The new skipper nodded his approval, but said nothing; and Purchase proceeded with his story.

"Well, as you probably noticed, shortly after sunset the wind breezed up quite strongly; but I was not in the least uneasy, for the barometer had ceased to drop before eight bells, and, although the sky was overcast and the night very dark, there was nothing threatening in the look of the weather, and it was only occasionally that we really tautened out our cables. Still, I made up my mind to remain on deck all night, having had a good spell of sleep during the day.

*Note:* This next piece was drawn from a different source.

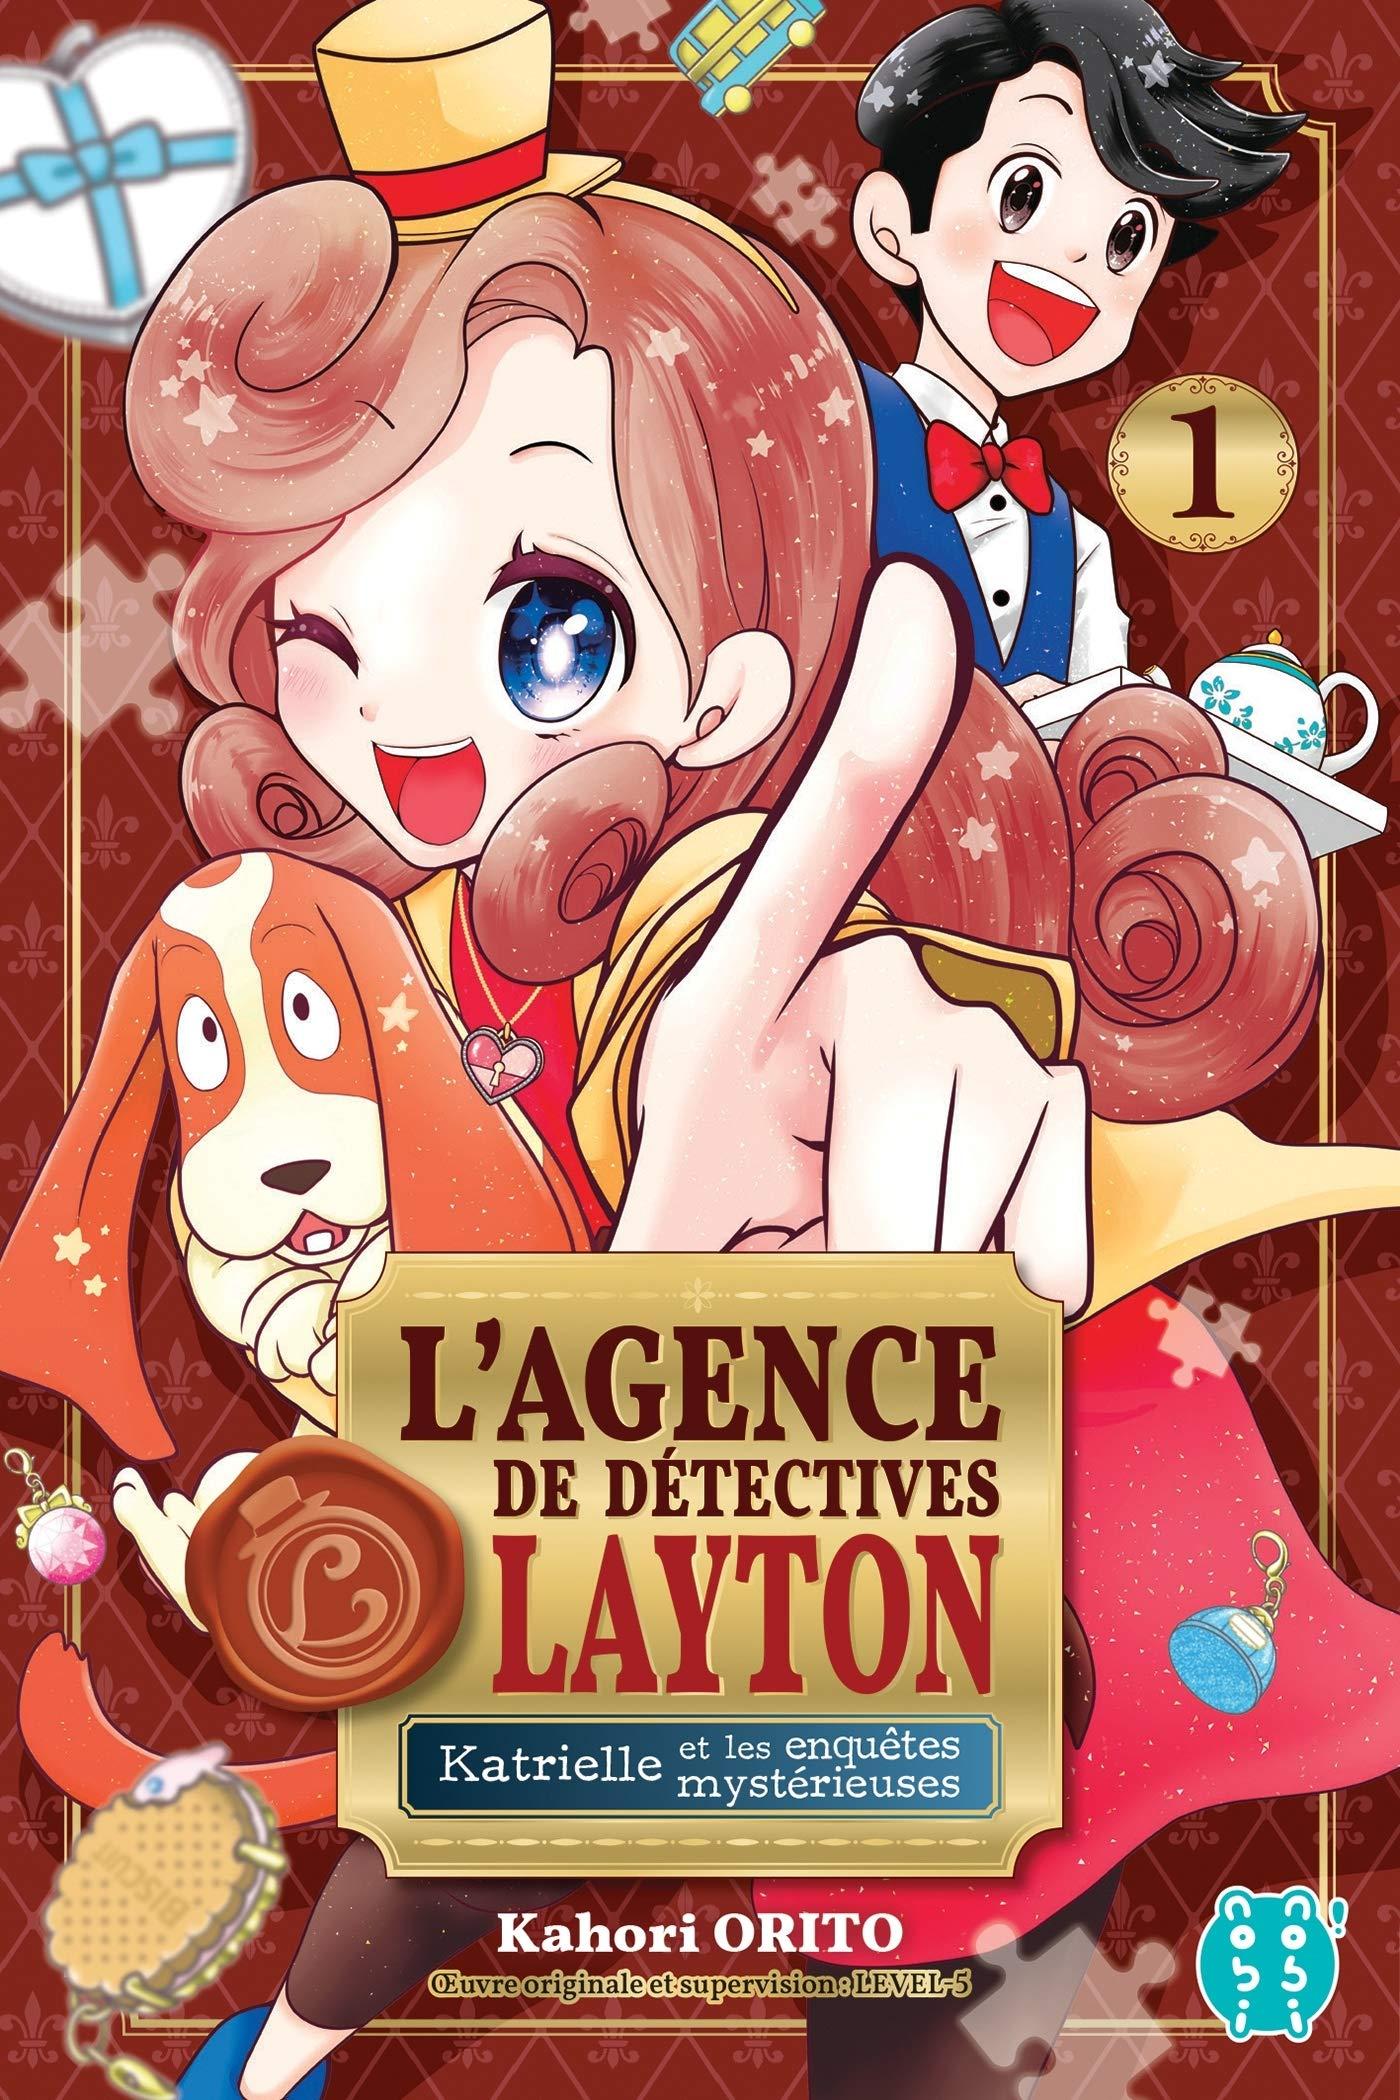 L'agence de détectives Layton - Katrielle et les enquêtes mysterieuses 1
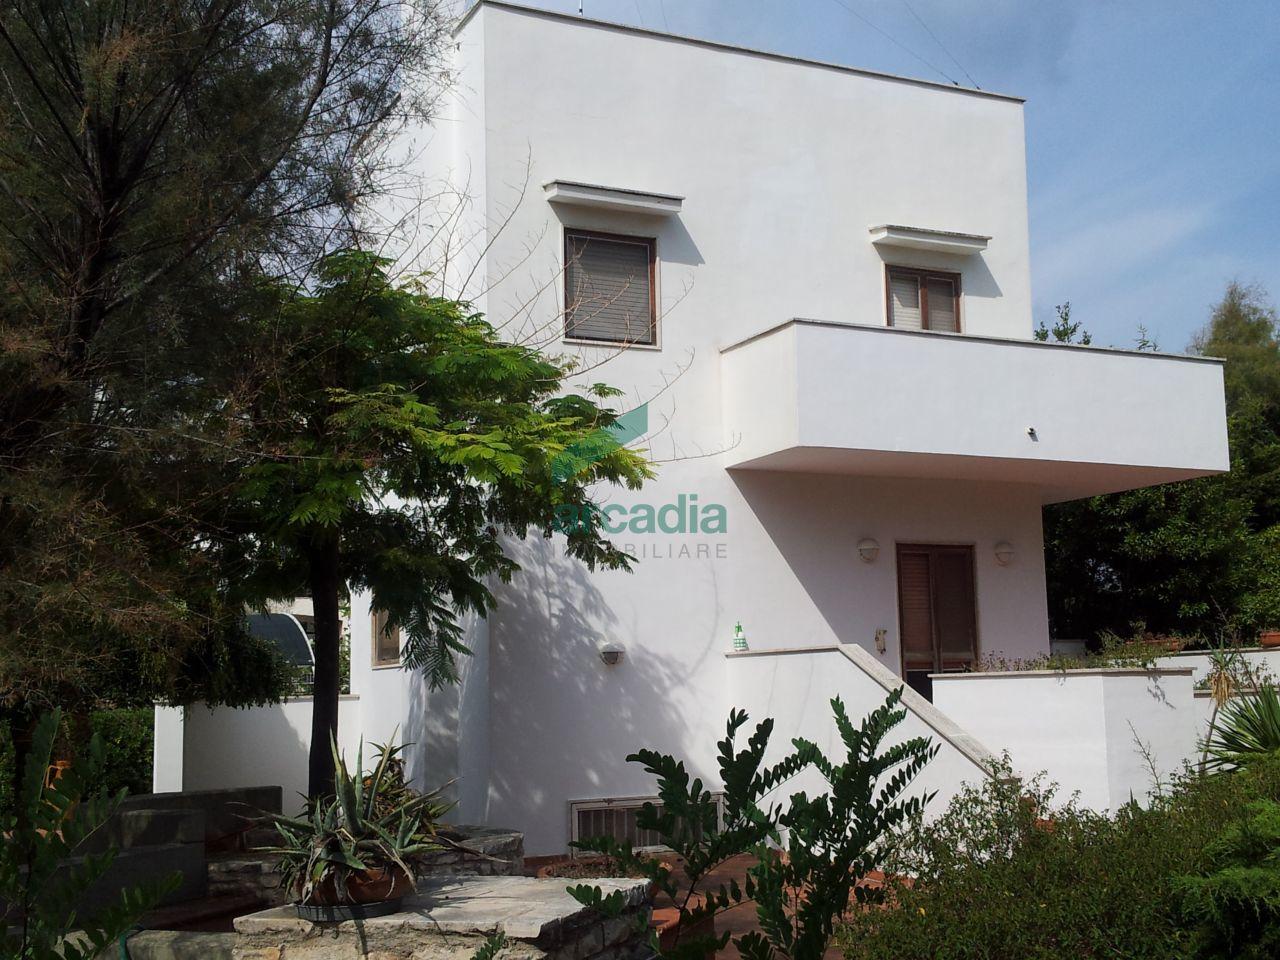 Villa in affitto a Bari, 5 locali, prezzo € 1.000   CambioCasa.it

"As the night wore on and the wind held fresh but steady, I felt that after all I really need not have let go the streams, for the bowers alone would have held us quite easily against six times as much wind and sea as we had; you may therefore perhaps be able to picture to yourself my amazement and consternation when, a few minutes before six bells in the middle watch, I became aware that the ship was adrift and fast driving down toward the breakers!"